[slurm-users] Nodes stay drained no matter what I do
Tina Friedrich
tina.friedrich at it.ox.ac.uk
Fri Aug 25 09:50:42 UTC 2023
Hi Patrick,
we certainly use that information to set affinity, yes. Our gres.conf
files (node-specific, as our config management creates them locally from
'nvidia-smi topo -m') - look like this:
Name=gpu Type=a100 File=/dev/nvidia0 CPUs=0-23
Name=gpu Type=a100 File=/dev/nvidia1 CPUs=0-23
Name=gpu Type=a100 File=/dev/nvidia2 CPUs=24-47
Name=gpu Type=a100 File=/dev/nvidia3 CPUs=24-47
which means that the processor affinity is known, and you can request
GPUs as '--gres=gpu:a100:X'.
Tina
On 24/08/2023 23:17, Patrick Goetz wrote:
> Hi Mick -
>
> Thanks for these suggestions.
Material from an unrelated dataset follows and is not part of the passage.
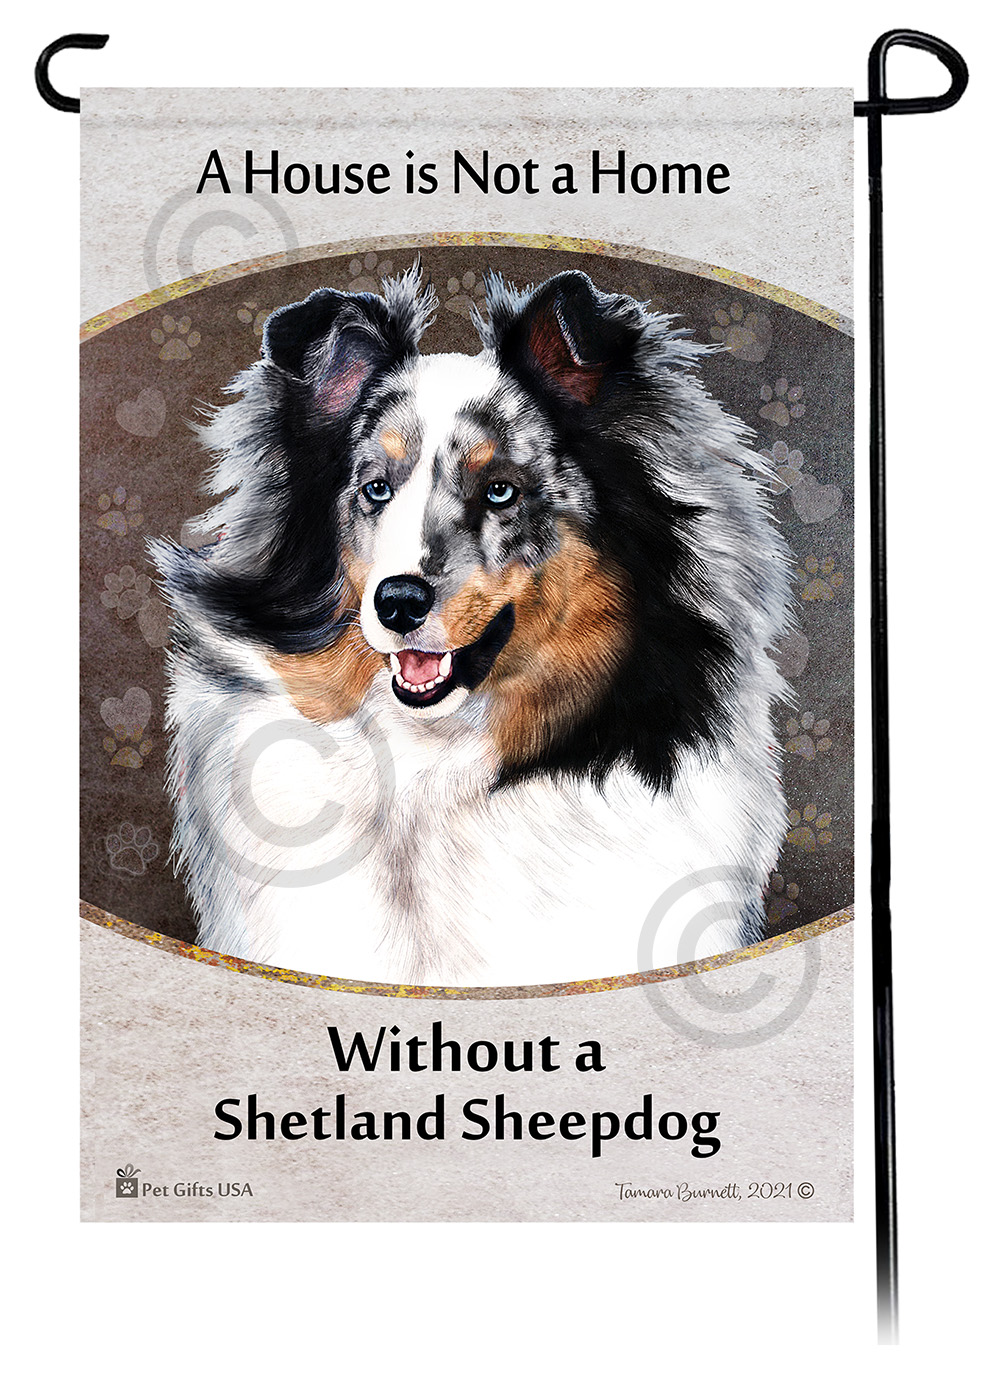 Sheltie Blue Merle A House Is Not A Home - Garden Flag Image

I read over both release notes, but
> didn't find anything helpful.
>
> Note that I didn't include gres.conf in my original post. That would be
> this:
>
> NodeName=titan-[3-15] Name=gpu File=/dev/nvidia[0-7]
> NodeName=dgx-2 Name=gpu File=/dev/nvidia[0-6]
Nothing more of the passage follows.